The Watermelon Woman suffers from amateurish filmmaking techniques (Michelle Crenshaw was the cinematographer, while Dunye served as editor as well as writer, director, and star), but its central issue is a compelling one, and Dunye is engaging as her onscreen alter ego. Richards (Lisa Marie Bronson) and Page (producer Alexandra Juhasz) are seen only in photographs and archival footage shot by white lesbian artist Zoe Leonard (her photography assistant was Kimberly Peirce, who went on to make Boys Don’t Cry), while Doug McKeown (The Deadly Spawn) directed the scenes from fake movies Plantation Memories and Soul of Deceit. (The photographs became an art project of its own, touring museums around the world.) The film features numerous cameos by writers, musicians, and activists, including Camille Paglia as herself, V. S. Brodie as a karaoke singer, Sarah Schulman as the CLIT archivist, David Rakoff as a librarian, and Toshi Reagon as a street singer.
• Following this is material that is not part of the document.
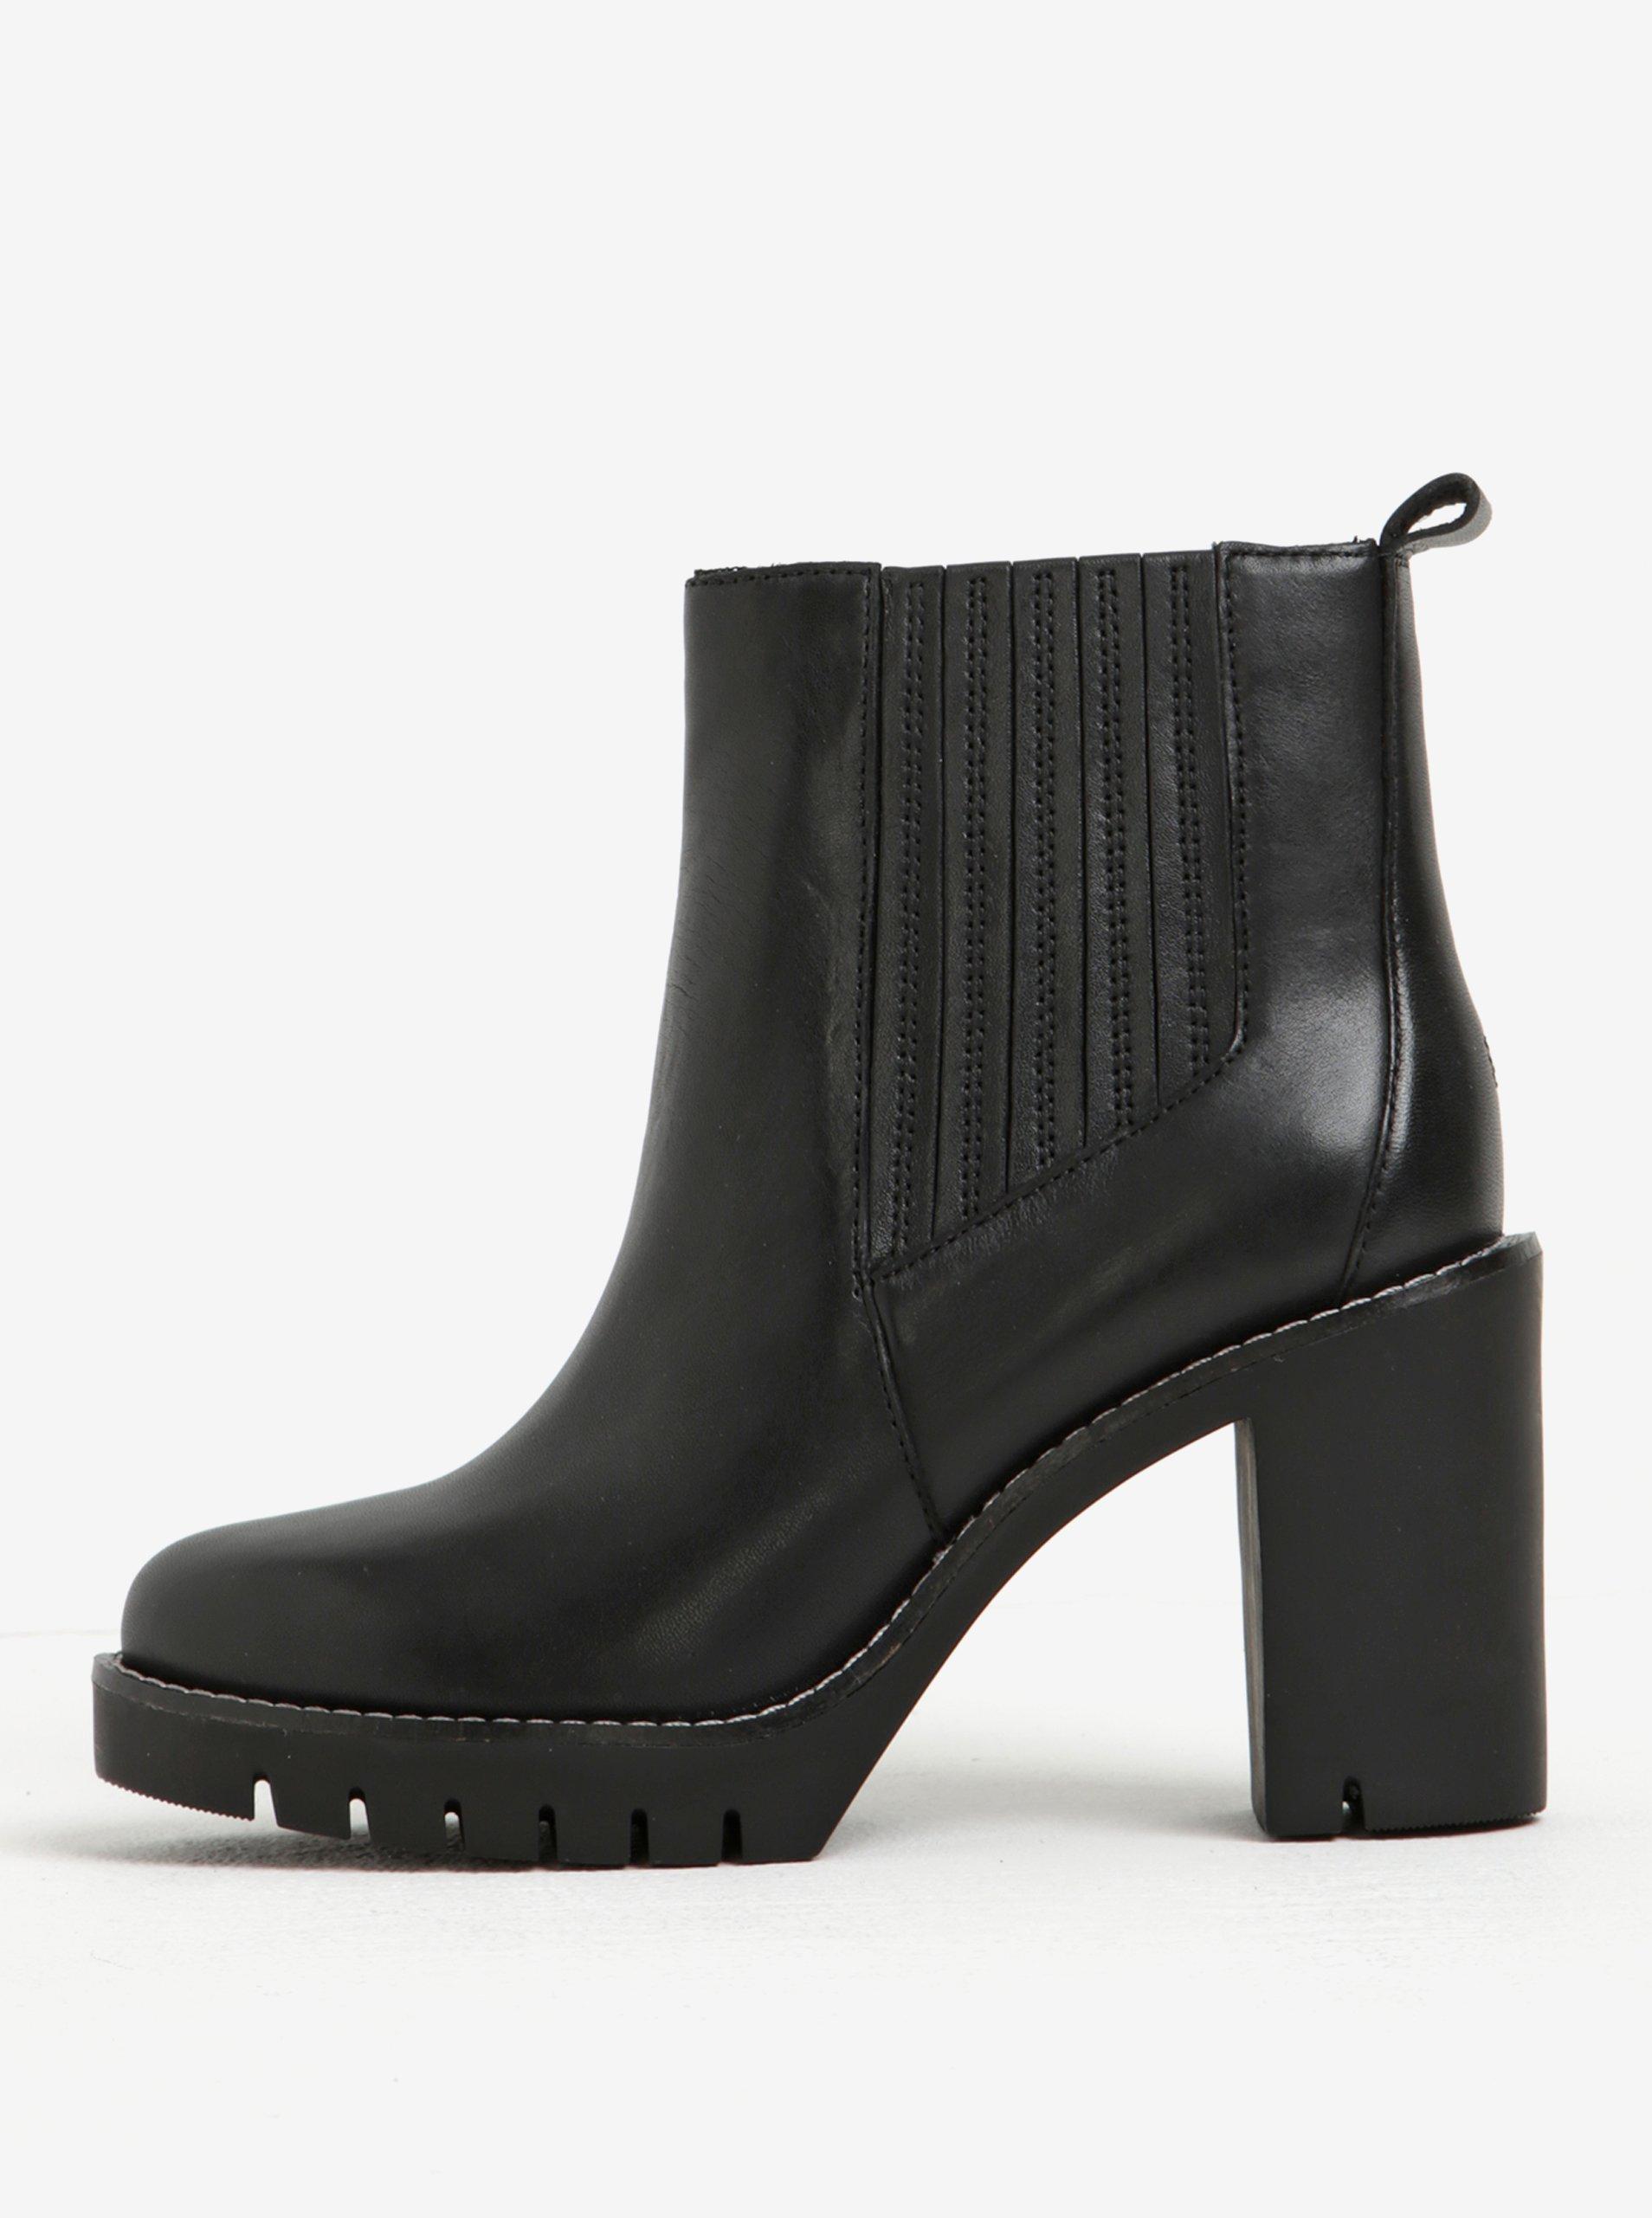 Černé dámské kožené chelsea boty na vysokém podpatku Tommy Hilfiger Paola

The Watermelon Woman is a heartfelt tribute to black lesbians by a black lesbian who is restoring one woman’s true identity as a microcosm for all black women who have had theirs taken away. In addition, the film became part of an attempt by certain congressmen to defund the National Endowment for the Arts, which supplied a $31,500 grant to Dunye; Michigan Republican Peter Hoekstra, head of the House Education and Workforce Committee’s Subcommittee on Oversight and Investigations, singled the film out as offensive. The Watermelon Woman is also a reminder of what research was like pre-Google, less than thirty years ago. Dunye has gone on to make such films as Stranger Inside, Black Is Blue, Mommy Is Coming, and My Baby’s Daddy, continuing her exploration of multiracial, gay, and trans culture. The Watermelon Woman is screening June 14 at the Quad as part of the series “Pride Revived: Lines and Curves, Drawn and Moving”; the 7:30 show will be introduced by film critic, comedian, and podcaster Jourdain Searles. Also on the schedule are Shirley Clarke’s Portrait of Jason on June 12, Pier Paolo Pasolini’s Teorema on June 13, and Jack Sholder’s A Nightmare on Elm Street 2: Freddy’s Revenge on June 14.